Quick Summary
When to Choose Kohlrabi (Raw)
When to Choose Sauerkraut
Nutrition Facts Comparison
Side-by-side comparison per undefinedundefined serving:
| Nutrient | Kohlrabi (Raw) | Sauerkraut | Winner |
|---|---|---|---|
| Calories | 36 | 27 | 🏆 Sauerkraut |
| Protein | 2.3g | 1.3g | 🏆 Kohlrabi (Raw) |
| Carbohydrates | 8.4g | 6.1g | |
| Fiber | 4.9g | 4.1g | 🏆 Kohlrabi (Raw) |
Key Vitamins & Minerals
Vitamin C
🏆 Kohlrabi (Raw) has 4.0x more
Health Benefits Comparison
Kohlrabi (Raw) Benefits
- Very high vitamin C (140% DV) - more than oranges
- Excellent fiber source (5g per cup)
- Contains glucosinolates with anti-cancer properties
- Good potassium source (14% DV) for blood pressure
- Extremely low calorie (36 per cup)
Sauerkraut Benefits
- Rich in probiotic bacteria (Lactobacillus species) support gut microbiome diversity
- Fermentation increases vitamin C bioavailability and preserves nutrients
- High in fiber (4g per cup) and enzymes that support digestion
- Glucosinolates from cabbage provide anti-inflammatory and potential anti-cancer effects
Practical Considerations
💰 Cost
Kohlrabi (Raw): Moderate
Sauerkraut: Moderate
🕒 Preparation
Kohlrabi (Raw): Easy
Sauerkraut: Easy
📦 Storage
Kohlrabi (Raw): Refrigerate
Sauerkraut: Refrigerate
🍽️ Versatility
Kohlrabi (Raw): Very versatile
Sauerkraut: Very versatile
The Bottom Line
Both Kohlrabi (Raw) and Sauerkraut are nutritious choices with unique benefits.
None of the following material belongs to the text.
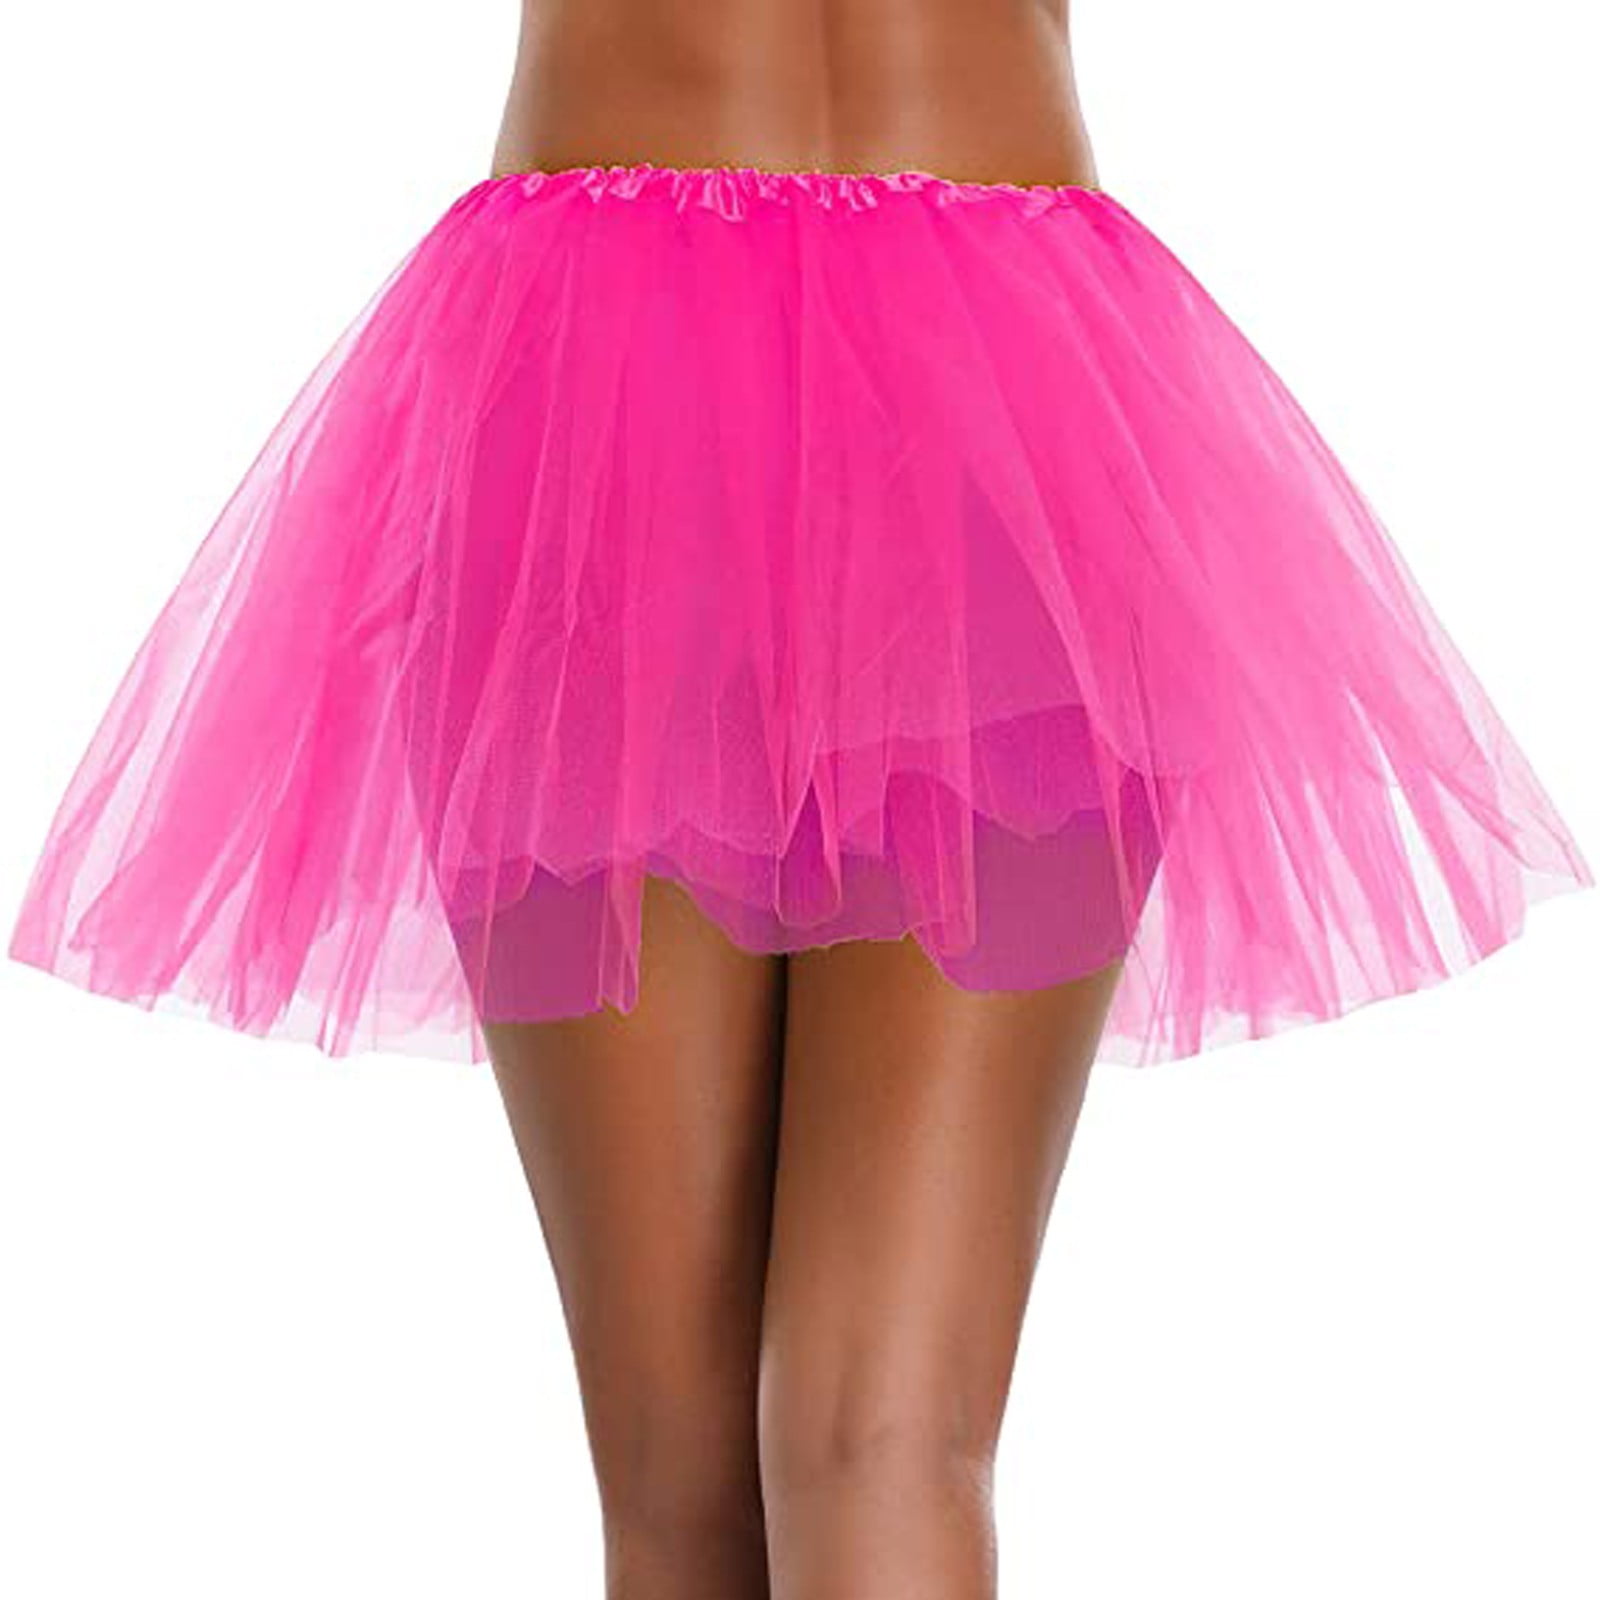 Sweet Teens Girl Tutu 3 Layer Skirt Adult Dance Ballet Party Womens New Hot E

Your choice depends on your specific health goals, dietary preferences, and lifestyle.
Choose Kohlrabi (Raw) if:
Choose Sauerkraut if:
Best approach? Include both in your diet to get a wider range of nutrients!
Track Kohlrabi (Raw) and Sauerkraut in Nutrivio
Compare how Kohlrabi (Raw) and Sauerkraut fit into your personalized nutrition goals. Track macros, calories, and micronutrients to make informed food choices.